I analyze these novels from the feminist/womanist, gender and postcolonial literary models. The rational for grouping these theoretical models in the analysis in this thesis is that they commonly highlight from a gender perspective the complex factors which oppress and marginalize women in the colonial and postcolonial contexts in which the two authors set their writings. These literary paradigms highlight the oppression of women from an African perspective and all acknowledge the need to address all factors which oppress and subordinate women (gender, race, class) if total emancipation for them is to be achieved. I also posit that Vera and Dangarembga offer discourses that challenge the silencing of narratives of oppression and violation in their novels selected for analysis in this thesis.
The thesis has five chapters. In Chapter 1, I set out the argument of the thesis and give a brief history of gendered colonialism and the historical period which provides a setting for the fiction of the two authors. Next, I describe the conceptual framework I will use in analyzing the works of the two postcolonial Zimbabwe female writers. Then I will outline the research questions and hypothesis and expose the research methodology and approach that will serve as my vehicle for data collection, analysis and interpretation.

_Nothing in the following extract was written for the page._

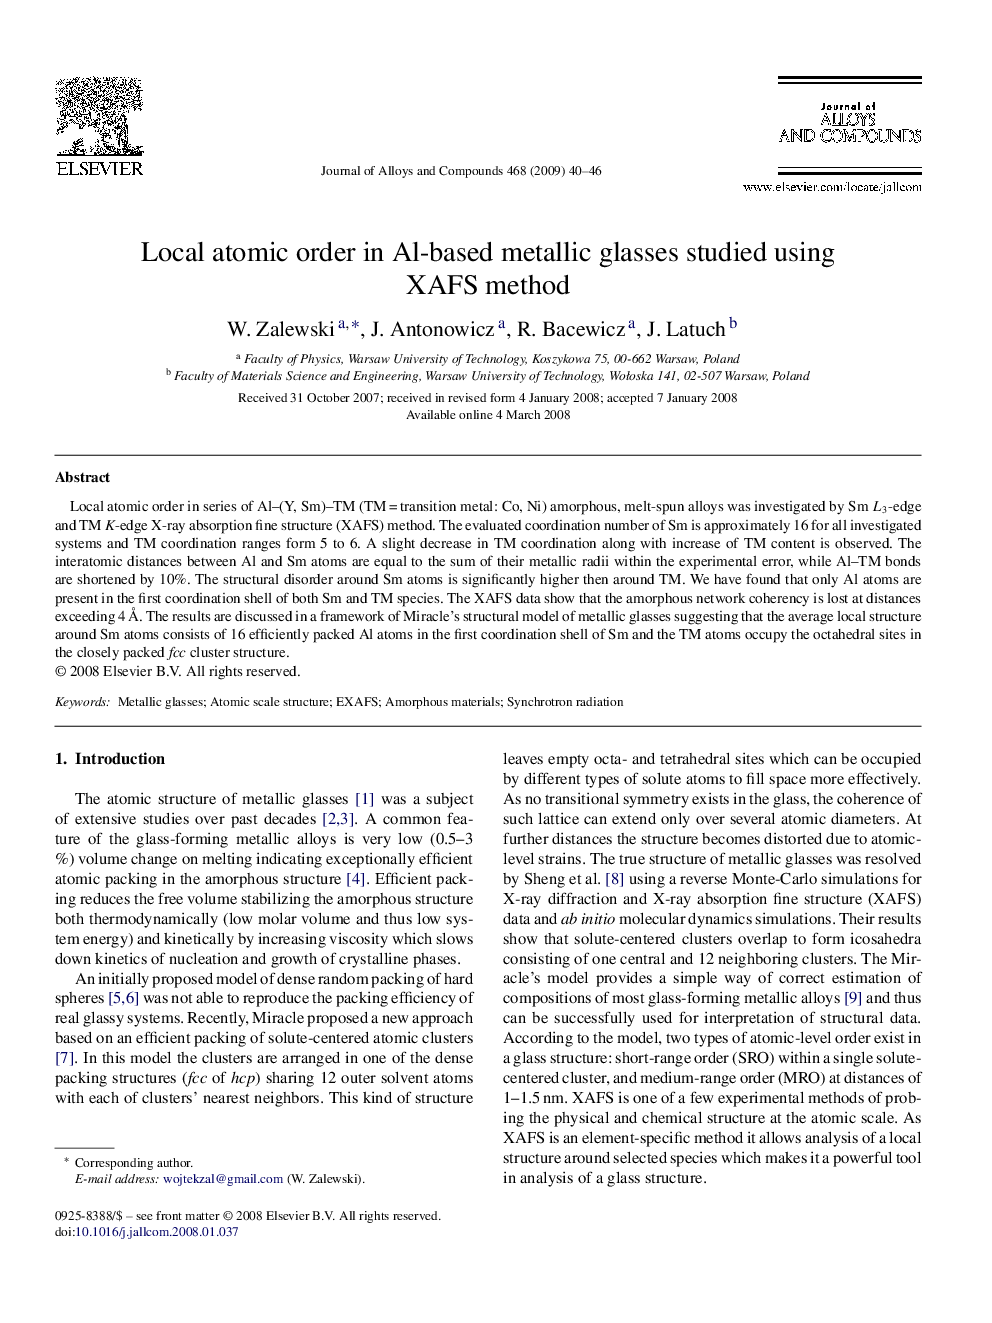 Local atomic order in Al-based metallic glasses studied using XAFS method

In Chapter 2, I will focus on gender, class and race and discuss the ways Dangarembga explores these factors in Nervous Conditions and The Book of Not. I will also discuss innovate ways women explore to champion their freedom and voice in the fiction of Dangarembga.

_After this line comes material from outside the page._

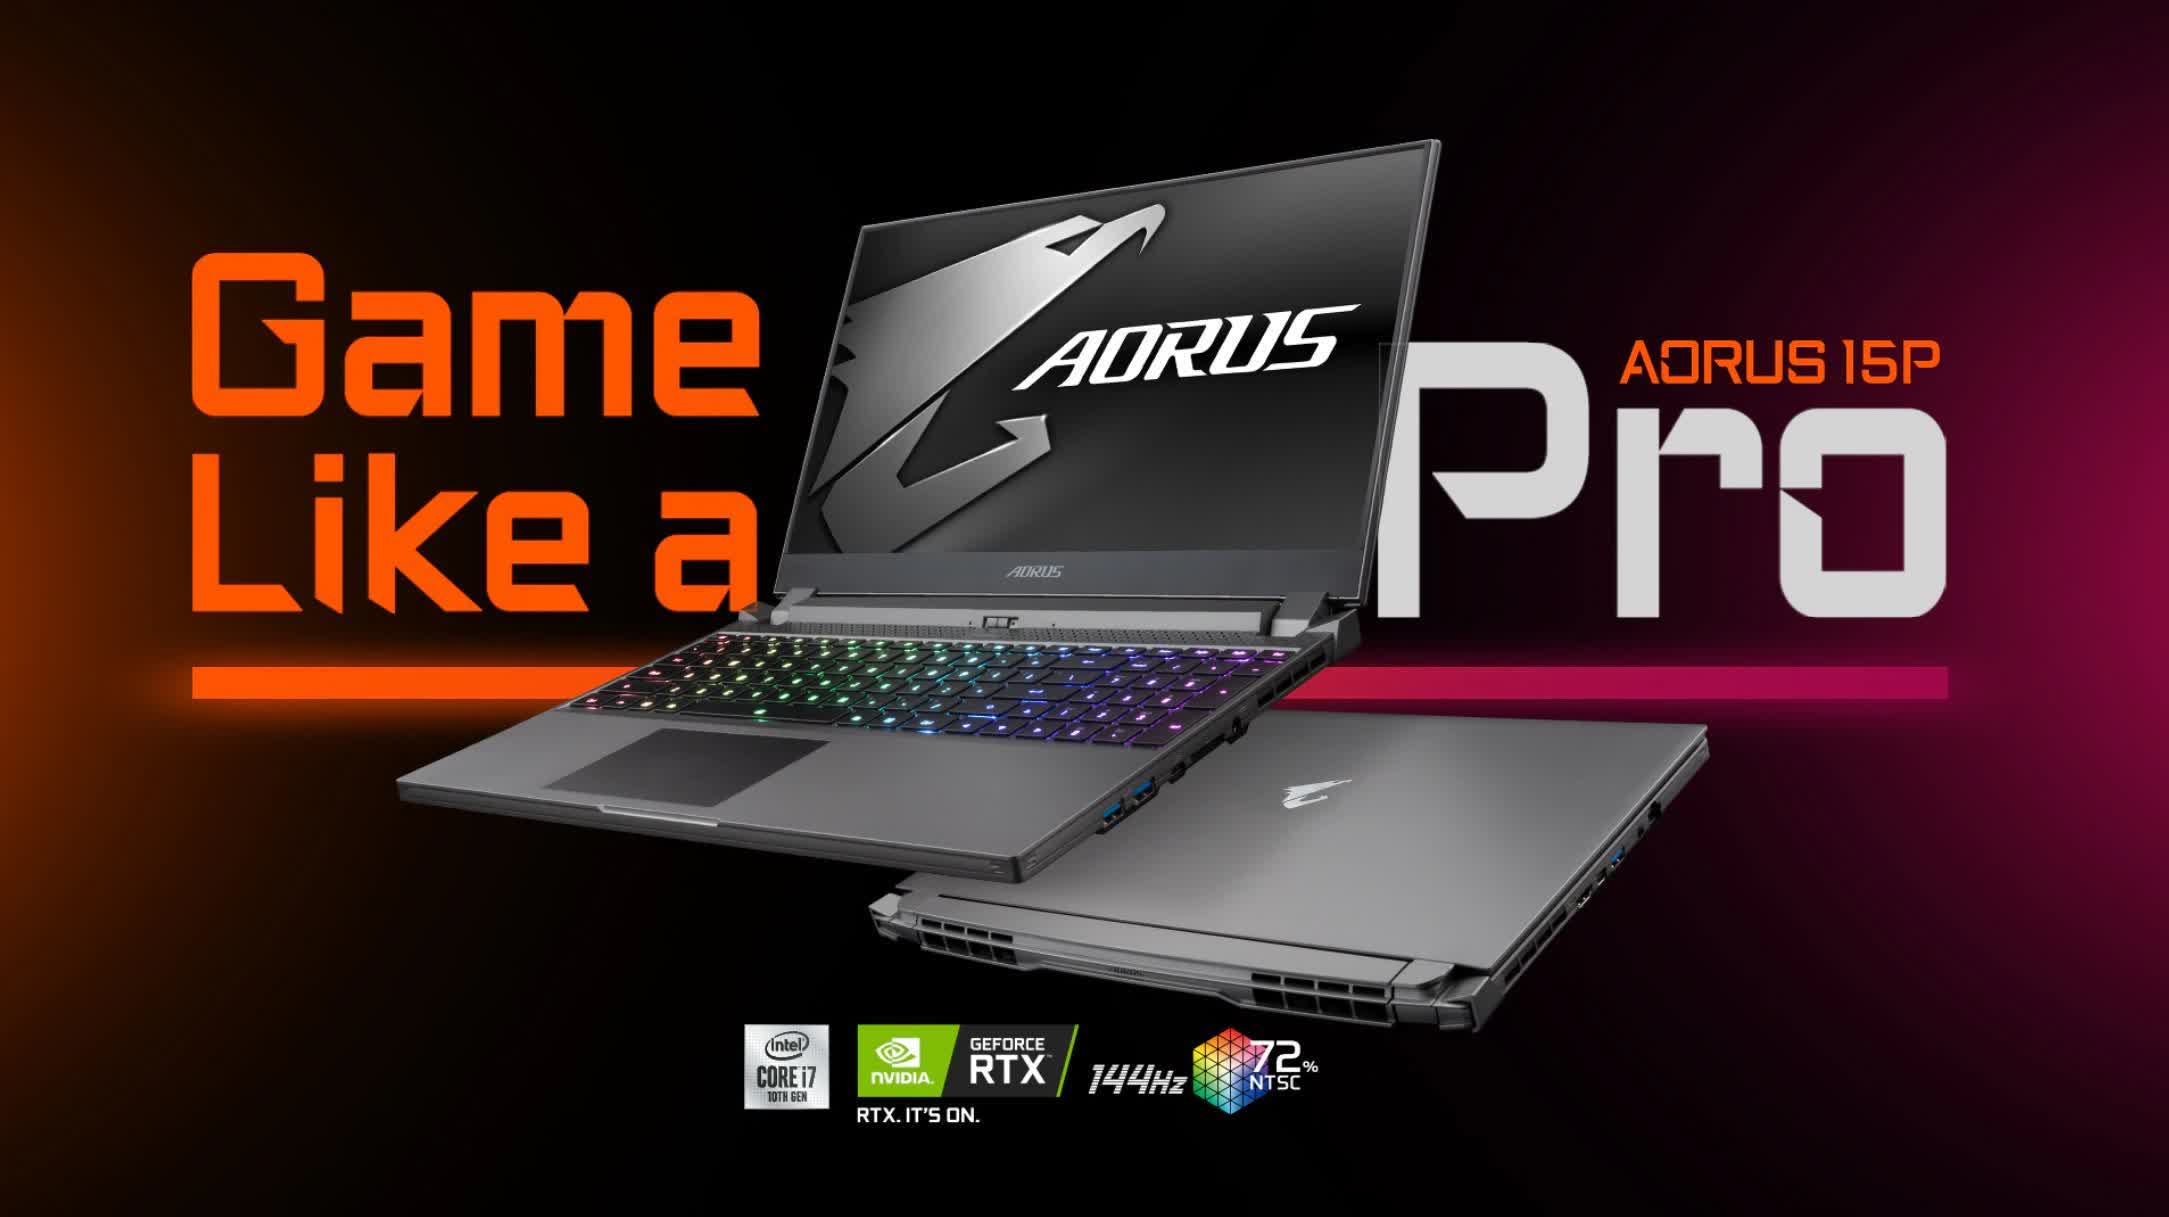 Gigabyte shows off Aorus 15P laptop designed for pro gamers

Chapter 3 focuses on the novels of Yvonne Vera— Without a Name, Under the Tongue and The stone Virgins —which articulate narratives of violated subjects and silenced voices. I will discuss the ways Vera explores to show how narratives of violated subjects are silenced by patriarchy, colonialism and masculine narratives of nationalism in these novels. Chapter 4 focuses on narratives of trauma. Using theories of trauma, I will analyze Without a Name, Under the Tongue and The Stone Virgins by Vera and show how these narratives articulate colonial and postcolonial trauma and female child trauma. I will also discuss The Book of Not by Dangarembga and show how the novel articulates colonial and racial trauma. My discussion of the novels of Vera and Dangarembga in this chapter will show that these novels work out traumatic experiences in the colonial and postcolonial eras and will also reveal the challenges of representing tra / English Studies / M.A. (English)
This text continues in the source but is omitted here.